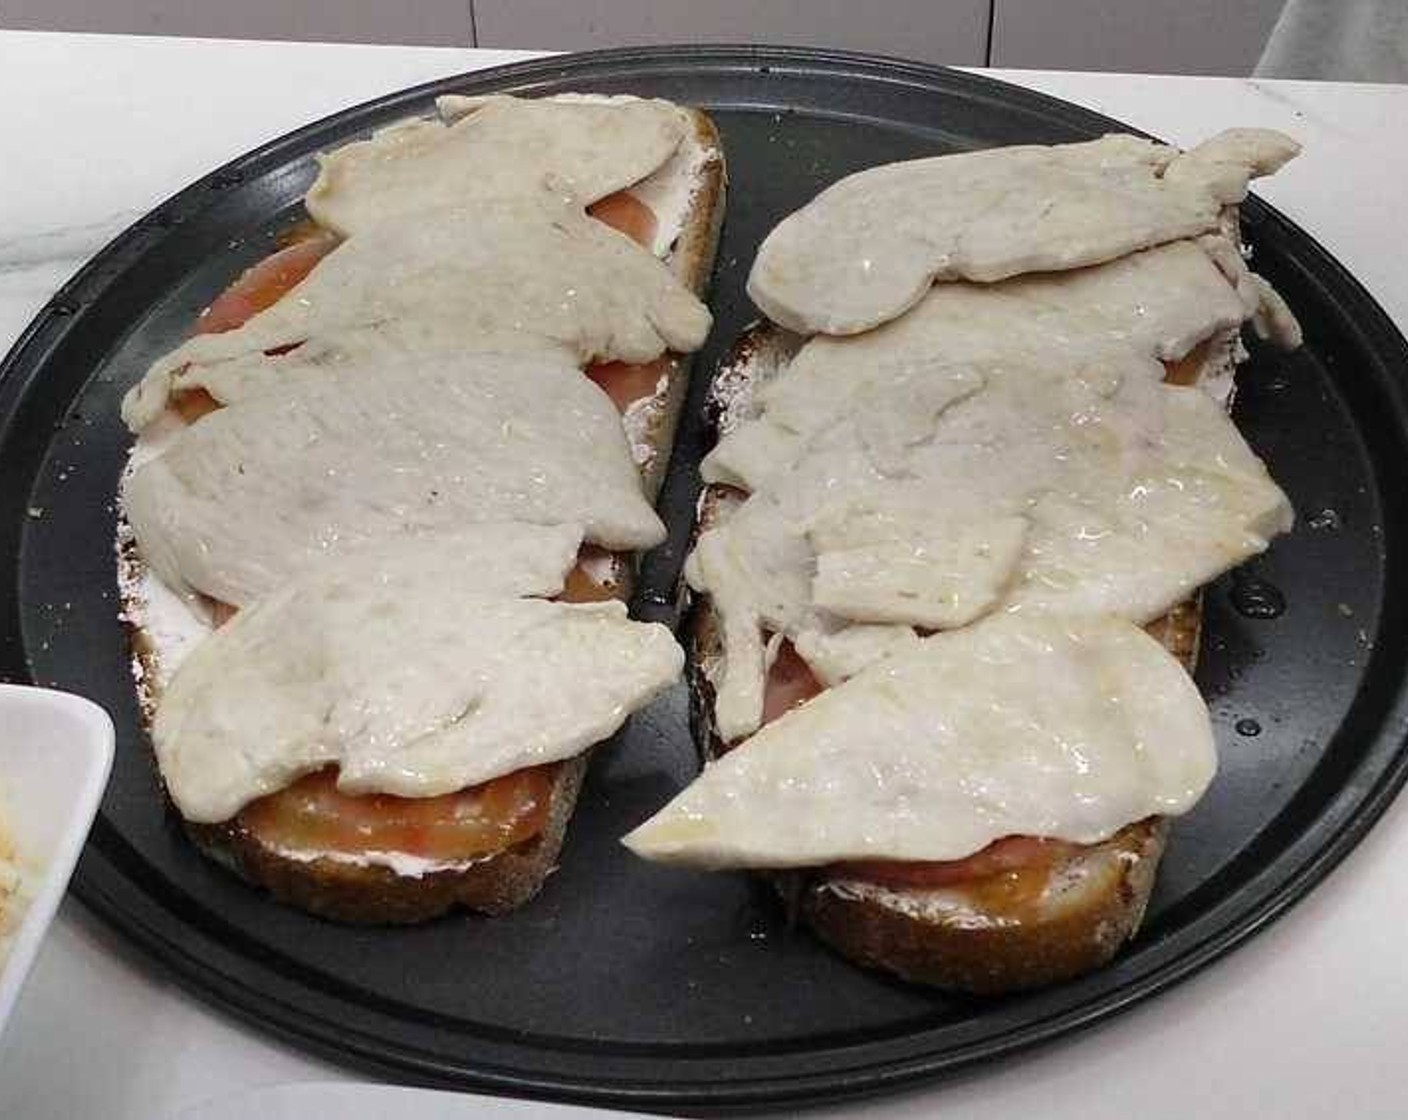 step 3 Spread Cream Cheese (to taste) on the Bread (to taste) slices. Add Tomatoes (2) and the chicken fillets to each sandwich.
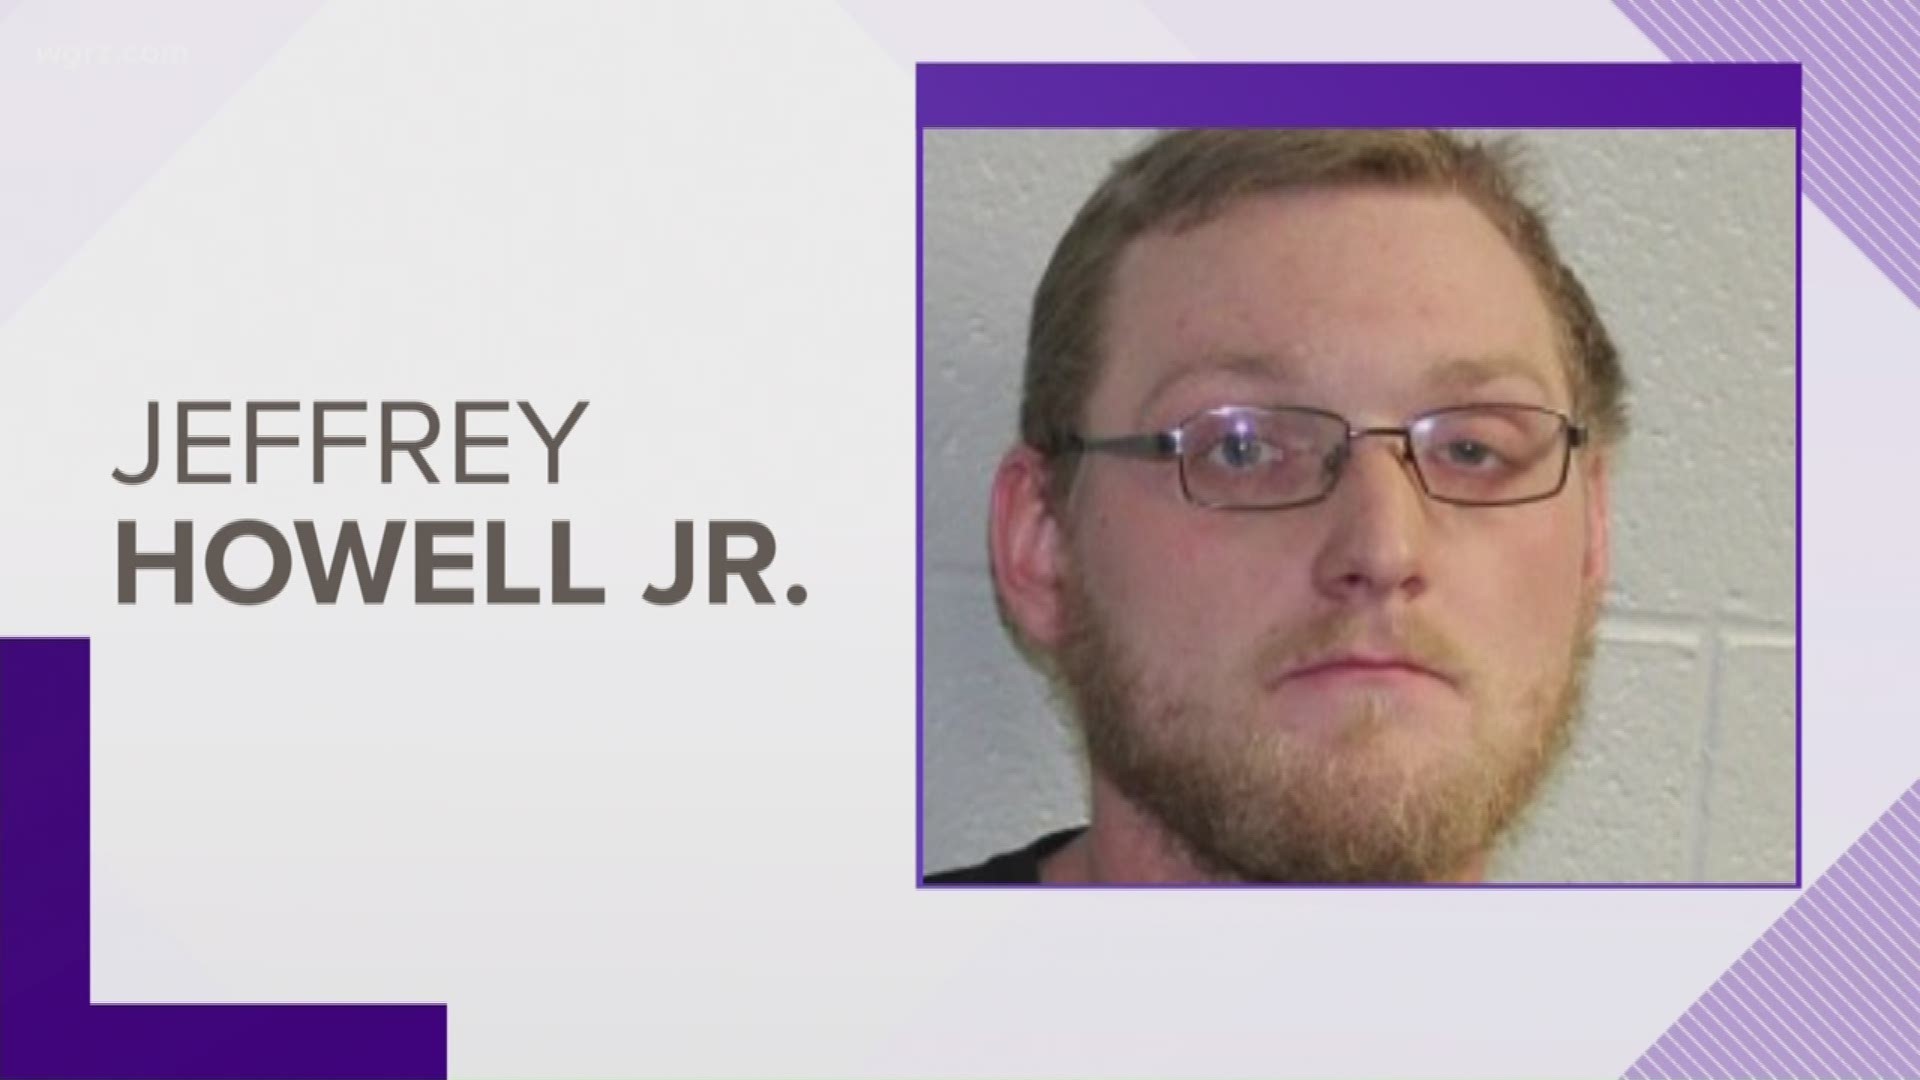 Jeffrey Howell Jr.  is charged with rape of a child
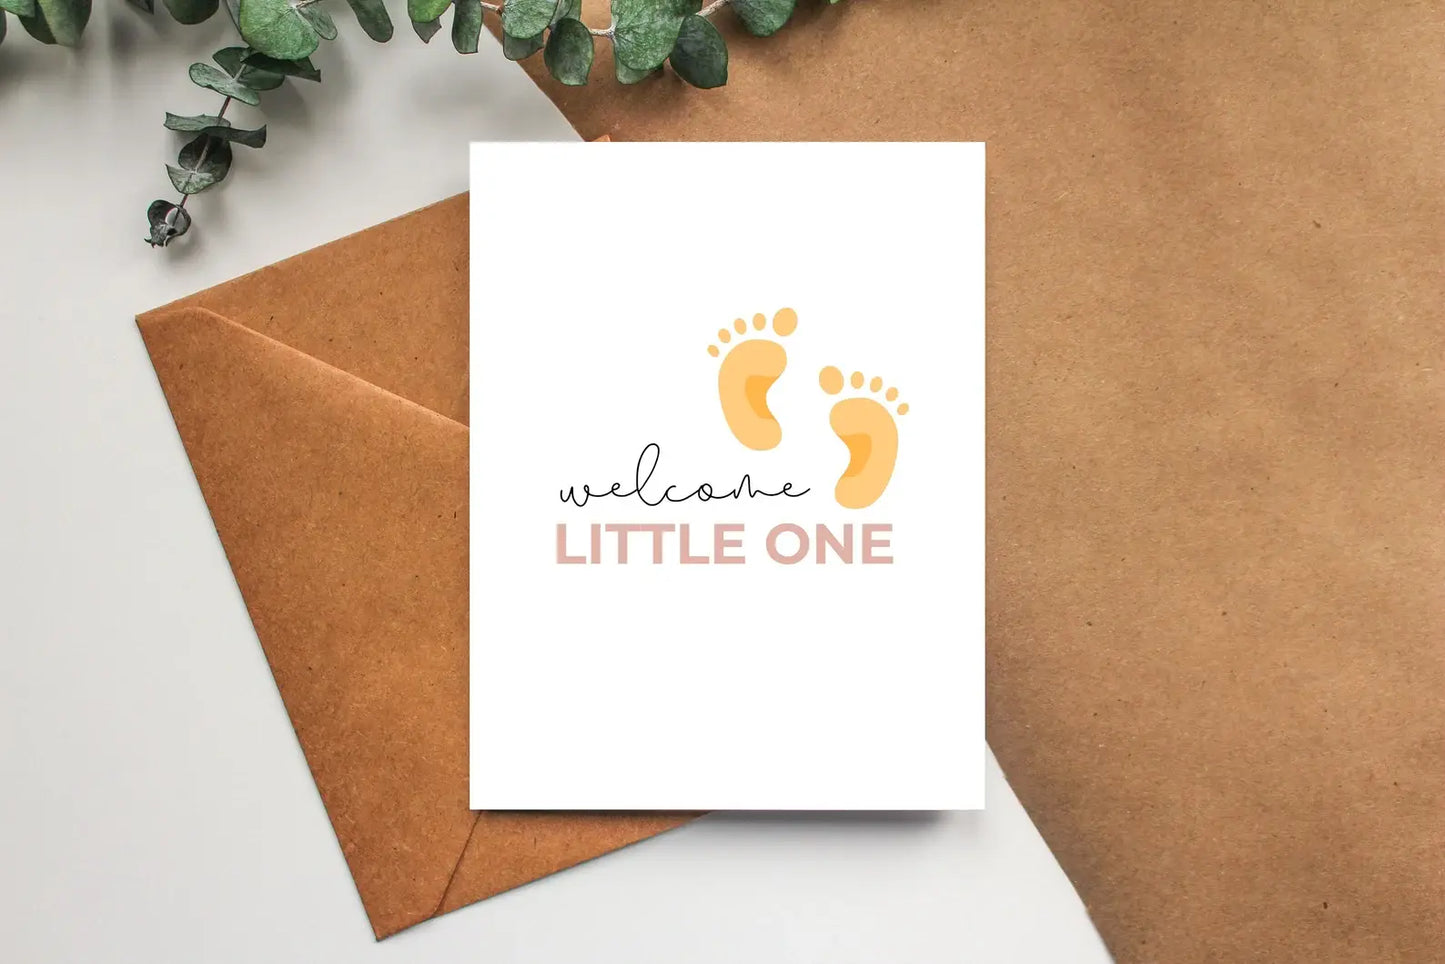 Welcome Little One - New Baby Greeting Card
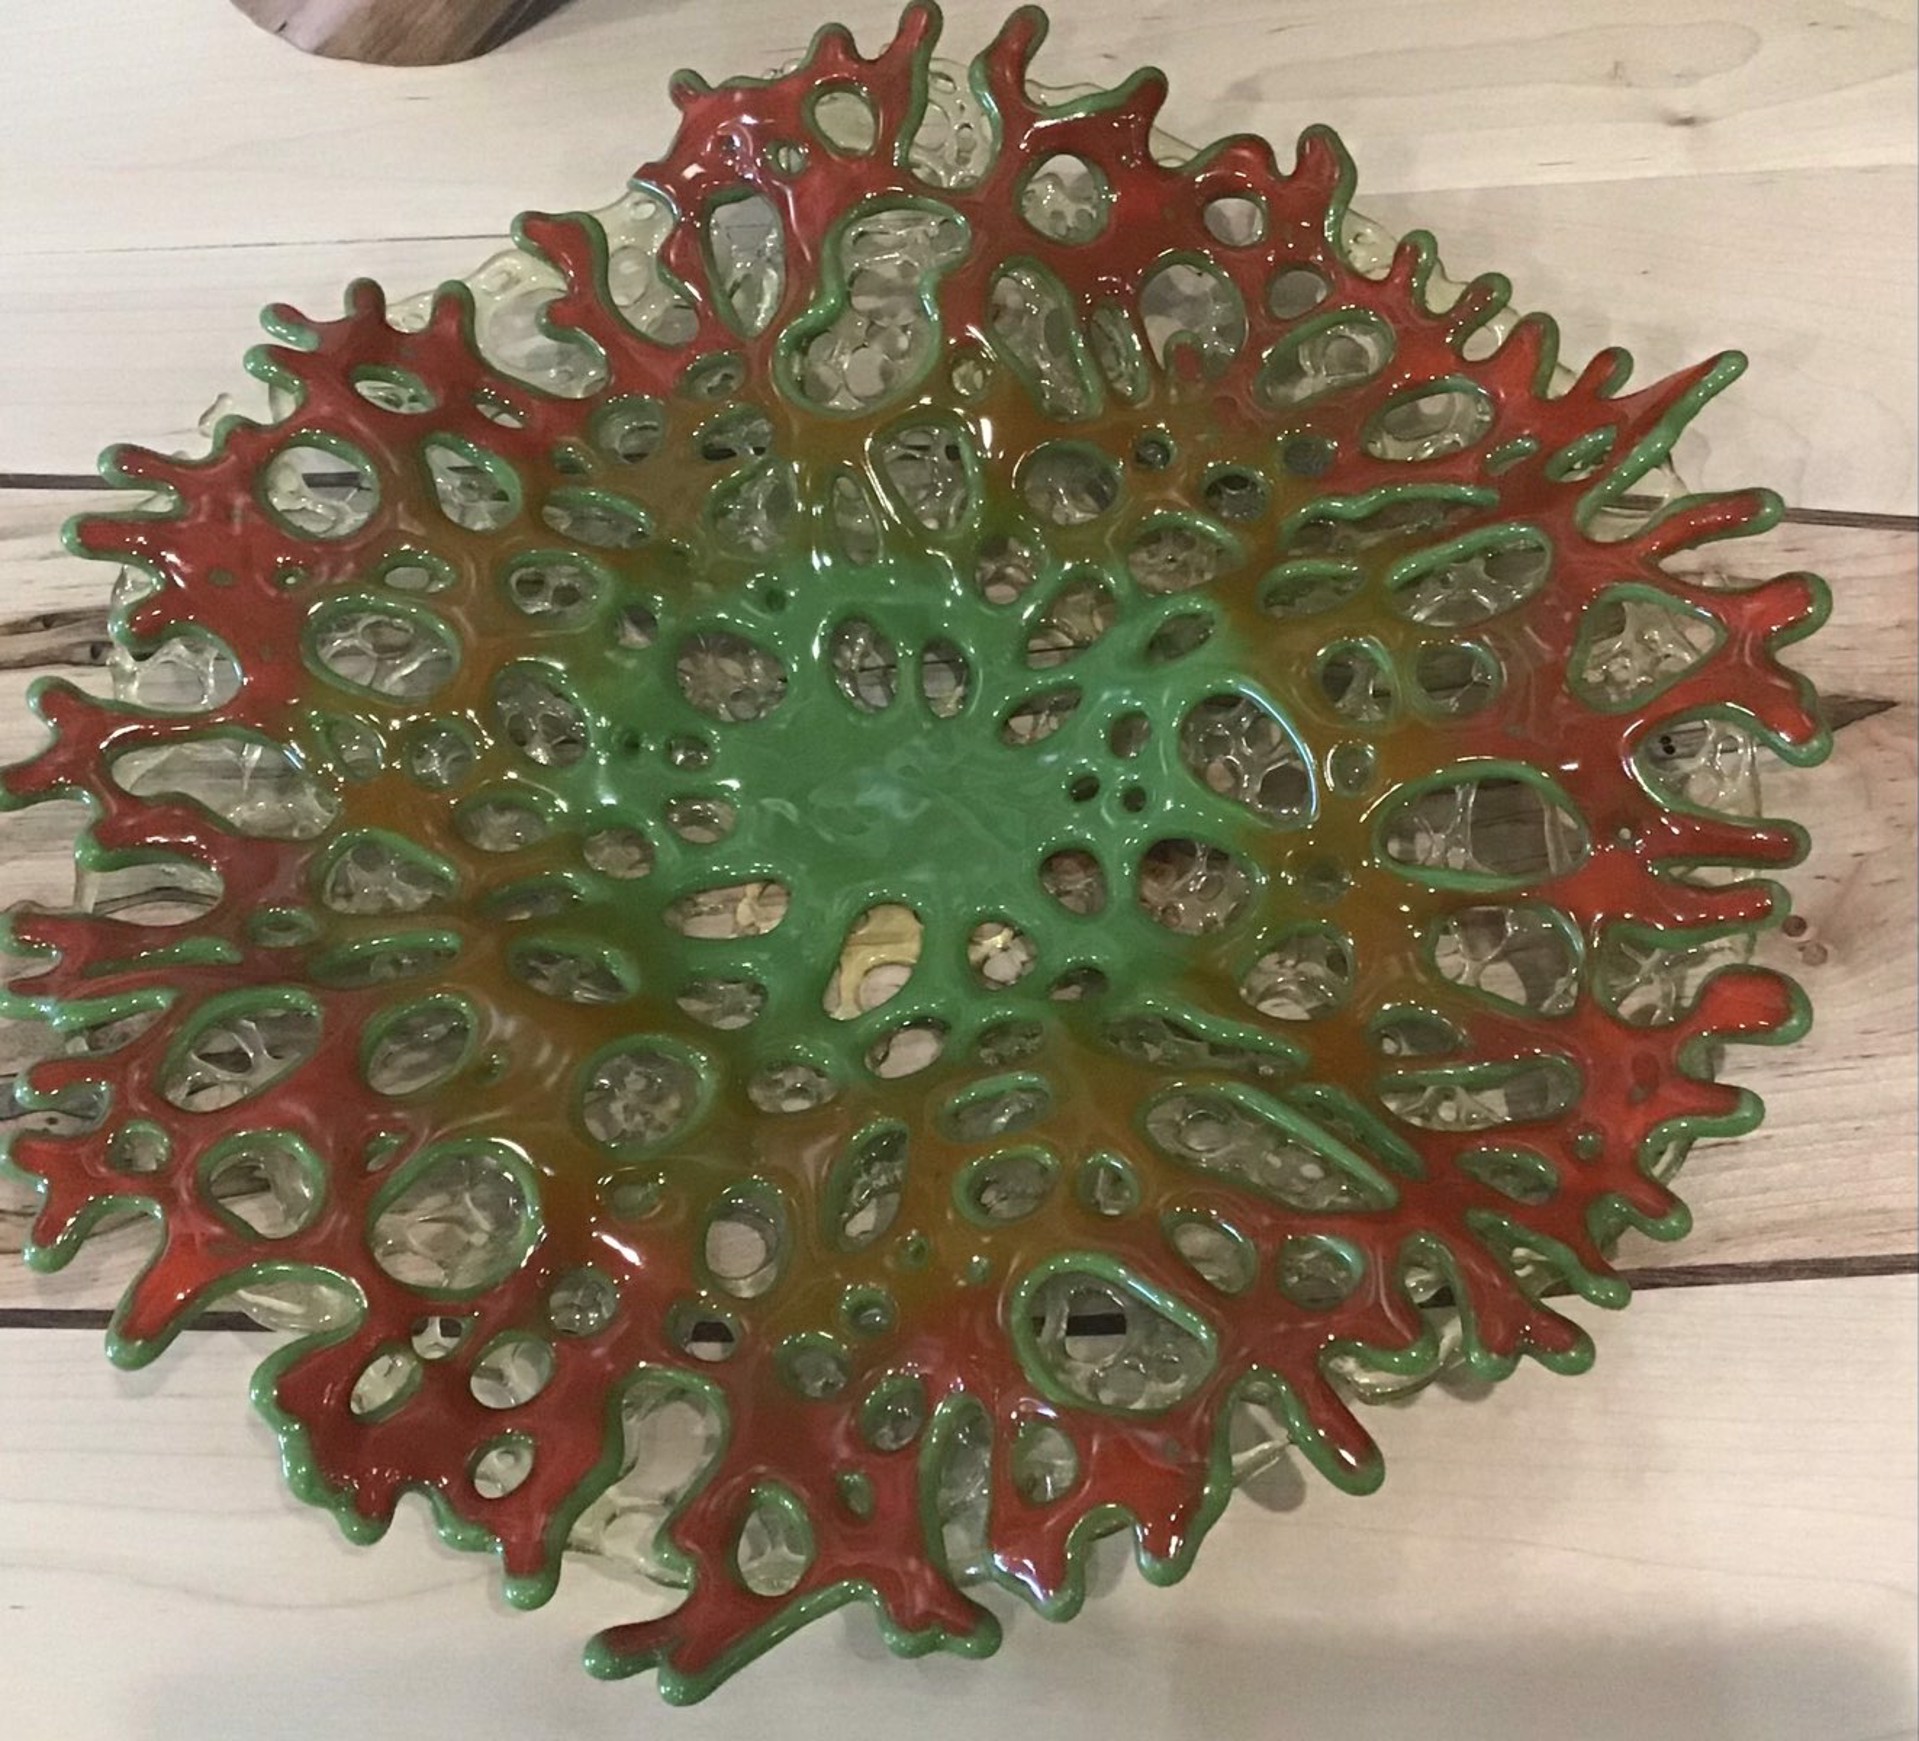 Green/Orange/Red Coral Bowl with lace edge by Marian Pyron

:: EXERCISE AIM ::
Print the listing word for word but skip its pictures.

:: RESULT OF THIS TASK ::
 step 3 Spread Cream Cheese (to taste) on the Bread (to taste) slices. Add Tomatoes (2) and the chicken fillets to each sandwich.
 Jeffrey Howell Jr.  is charged with rape of a child
 Welcome Little One - New Baby Greeting Card
 Green/Orange/Red Coral Bowl with lace edge by Marian Pyron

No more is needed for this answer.